Adjusted net earnings rose only 2.1% to $138.3 million in the quarter from $135.4 million in the year-ago quarter. The significant rise in earnings per share compared to a meager rise in net earnings can be attributable to a year-over-year decrease in average shares outstanding during the quarter.
Revenues increased 12.2% to $4.1 billion in the reported quarter, surpassing the Zacks Consensus Estimate of $3.9 million. Global industry production increased 3% year over year, with an 11% rise in China and 6% hike in North America. Industry production in Europe and Africa went up 2% for the first time since the fourth quarter of 2011.
Revenues from the Seating segment went up 9.9% to $3.1 billion, driven by higher production on key platforms, addition of new business and the acquisition of Guilford. Adjusted earnings declined 3.6% to $178.0 million or 5.8% of sales in the quarter. The year-over-year fall in earnings was due to changeovers of key program, partially offset by the increase in sales.
Revenues from Electrical Power Management Systems segment rose 19.8% to $1.0 billion due to addition of new business and higher production on key platforms. Adjusted earnings surged 71.6% to $101.4 million or 8.4% of sales in the quarter, driven by increase in sales and improved operating efficiencies.
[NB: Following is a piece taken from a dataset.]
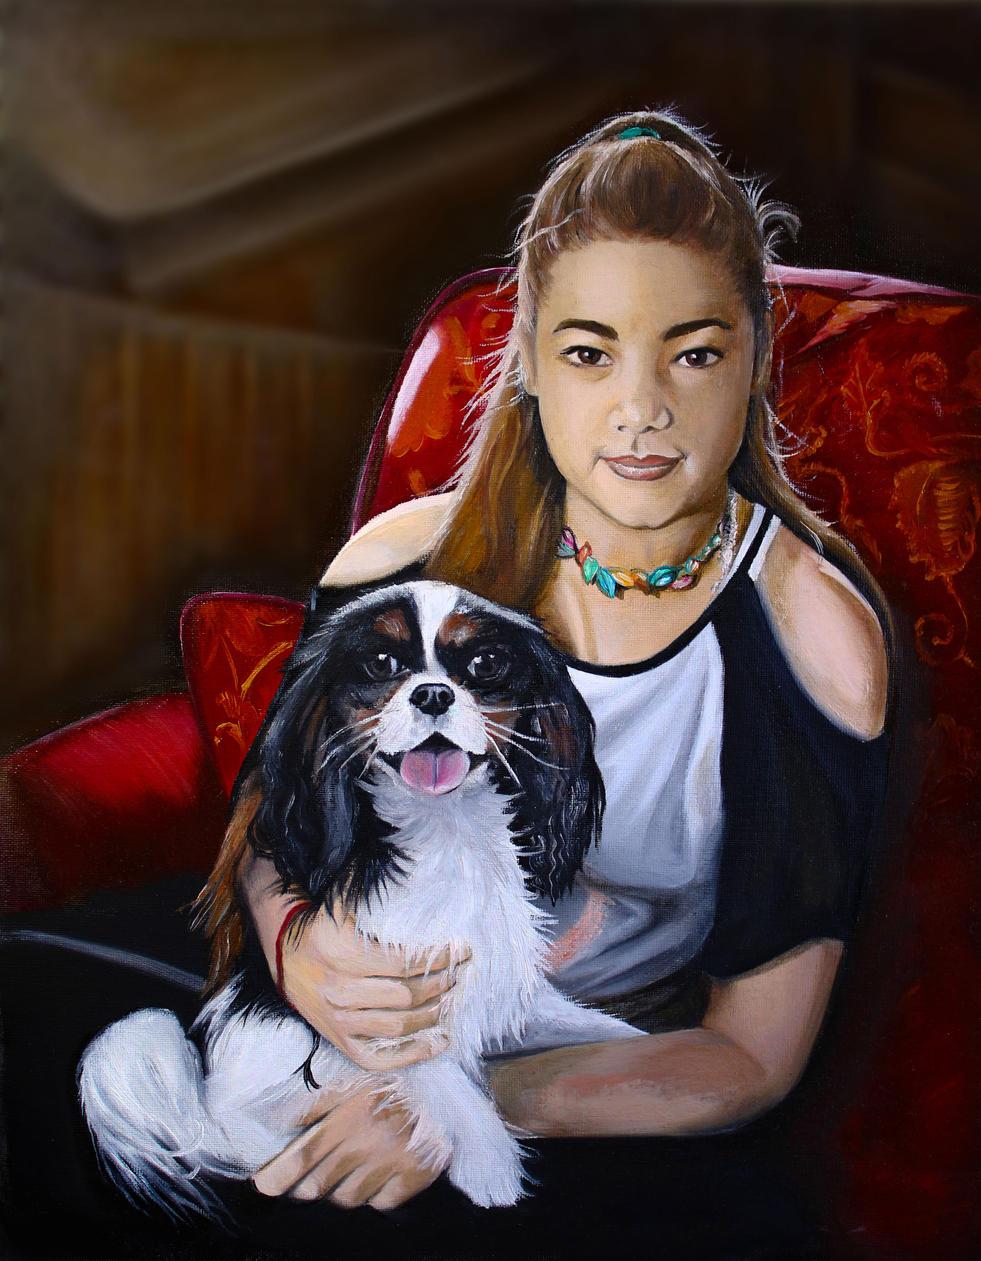 Girl with a dog.jpg

Lear initiated an $800 million accelerated share repurchase (ASR) program and retired 11.9 million shares of its common stock in the quarter. The new share repurchase program will be completed by Mar 2014. After the completion of the program, Lear will have $750 million remaining under its existing share repurchase authorization, which will expire two years after the completion of the ASR program.
Since the initiation of the share repurchase program in early 2011, Lear repurchased 27.1 million shares of its common stock. This represented a reduction of roughly 25% of its shares since the inception of the program.
Lear had cash and cash equivalents of $841.1 million as of Jun 29, 2013, down from $1.4 billion as of Dec 31, 2012. Long-term debt rose to $1.06 billion as of Jun 29, 2013 compared with $626.3 million as of Dec 31, 2012.
In the first six months of 2013, cash flow from operating activities soared 66.1% to $265.4 million from $159.8 million in the same period of 2012. Capital expenditure (adjusted) increased 24.7% to $219.3 million compared with $175.9 million a year ago. These led to a free cash flow of $46.1 million in the 2013-first half compared with a free cash flow use of $16.1 million in the year-ago period.
In 2013, Lear anticipates revenues of $15.8 billion, up from the prior range of $15.0 to $15.5 billion. Adjusted net earnings are expected to be in the range of $440 to $475 million for the year. Adjusted capital expenditures are estimated to be $450 million for the year.
Lear anticipates industry vehicle production of 16.2 million units in North America, up 1% from the prior guidance; 19.2 million units in Europe and Africa, up 1% from the prior outlook; and 18.7 million units in China, down slightly from the prior guidance.
Lear Corporation designs, manufactures, assembles and supplies automotive seat systems, electrical distribution systems, and related components primarily to automotive original equipment manufacturers. The company sells its products chiefly in North America, South America, Europe, and Asia. The company retains a Zacks Rank #2 (Buy).
Other stocks that are also performing well in the automotive components industry include Visteon Corp. , Gentex Corp. and American Axle & Manufacturing Holdings Inc. . Visteon and Gentex are Zacks Rank #1 (Strong Buy) stocks while American Axle & Manufacturing retains a Zacks Rank #2 (Buy).